The equation of the circle which touches the x-axis, passes through the point (1, 1) and whose centre lies on the line $ x + y = 3 $ in the first quadrant is

• A. \( x^2 + y^2 + 4x + 2y + 4 = 0 \)
• B. \( x^2 + y^2 - 4x - 2y + 4 = 0 \)
• C. \( x^2 + y^2 + 4x - 2y + 4 = 0 \)
• D. \( x^2 + y^2 - 4x + 2y + 4 = 0 \)

Hint:

When a circle touches the x-axis, its radius is equal to the y-coordinate of its center. Use the point on the circle and the equation of the line to find the center and the radius.

Answer 1

The Correct Option is B

The general equation of a circle is: \[ (x - h)^2 + (y - k)^2 = r^2 \] where \( (h, k) \) is the center of the circle and \( r \) is its radius. Given that the circle touches the x-axis, the radius of the circle is equal to the y-coordinate of its center, i.e., \( k = r \). Since the center lies on the line \( x + y = 3 \), we have: \[ h + k = 3 \quad \text{or} \quad h = 3 - k. \] We are also given that the circle passes through the point \( (1, 1) \). Substituting this point into the equation of the circle, we get: \[ (1 - h)^2 + (1 - k)^2 = r^2. \] Now, substitute \( h = 3 - k \) and \( r = k \) into the above equation: \[ (1 - (3 - k))^2 + (1 - k)^2 = k^2. \] Simplifying: \[ (1 - 3 + k)^2 + (1 - k)^2 = k^2 \quad \Rightarrow \quad (k - 2)^2 + (1 - k)^2 = k^2. \] Expanding: \[ (k^2 - 4k + 4) + (1 - 2k + k^2) = k^2 \quad \Rightarrow \quad 2k^2 - 6k + 5 = k^2. \] Solving for \( k \): \[ k^2 - 6k + 5 = 0. \] Using the quadratic formula: \[ k = \frac{-(-6) \pm \sqrt{(-6)^2 - 4(1)(5)}}{2(1)} = \frac{6 \pm \sqrt{36 - 20}}{2} = \frac{6 \pm \sqrt{16}}{2} = \frac{6 \pm 4}{2}. \] So, \( k = 5 \) or \( k = 1 \).
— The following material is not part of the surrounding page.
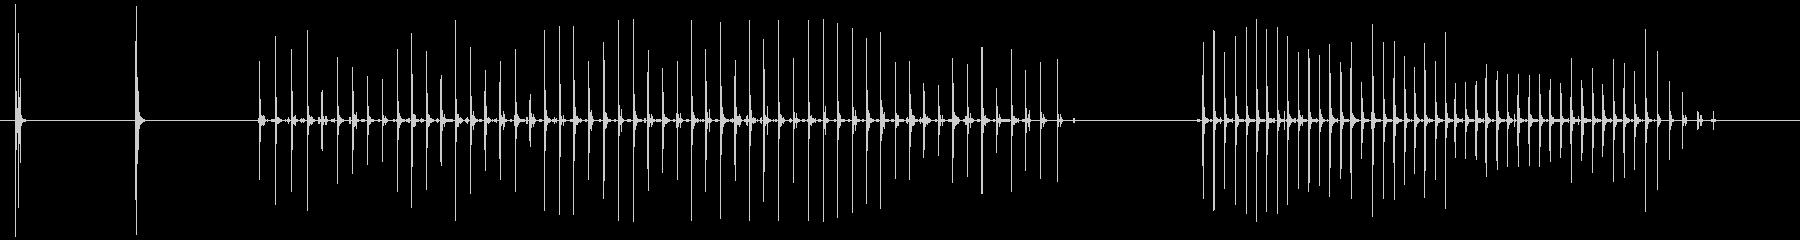 木のステップ-女性のキャンバスシューズの未再生の波形

Since the circle is in the first quadrant, we take \( k = 1 \), and therefore \( h = 3 - k = 2 \). Now, the equation of the circle is: \[ (x - 2)^2 + (y - 1)^2 = 1^2 \quad \Rightarrow \quad (x - 2)^2 + (y - 1)^2 = 1. \] Expanding: \[ (x^2 - 4x + 4) + (y^2 - 2y + 1) = 1 \quad \Rightarrow \quad x^2 + y^2 - 4x - 2y + 5 = 1 \quad \Rightarrow \quad x^2 + y^2 - 4x - 2y + 4 = 0. \] Thus, the correct equation is: \[ x^2 + y^2 - 4x - 2y + 4 = 0. \] Hence, the correct answer is (B).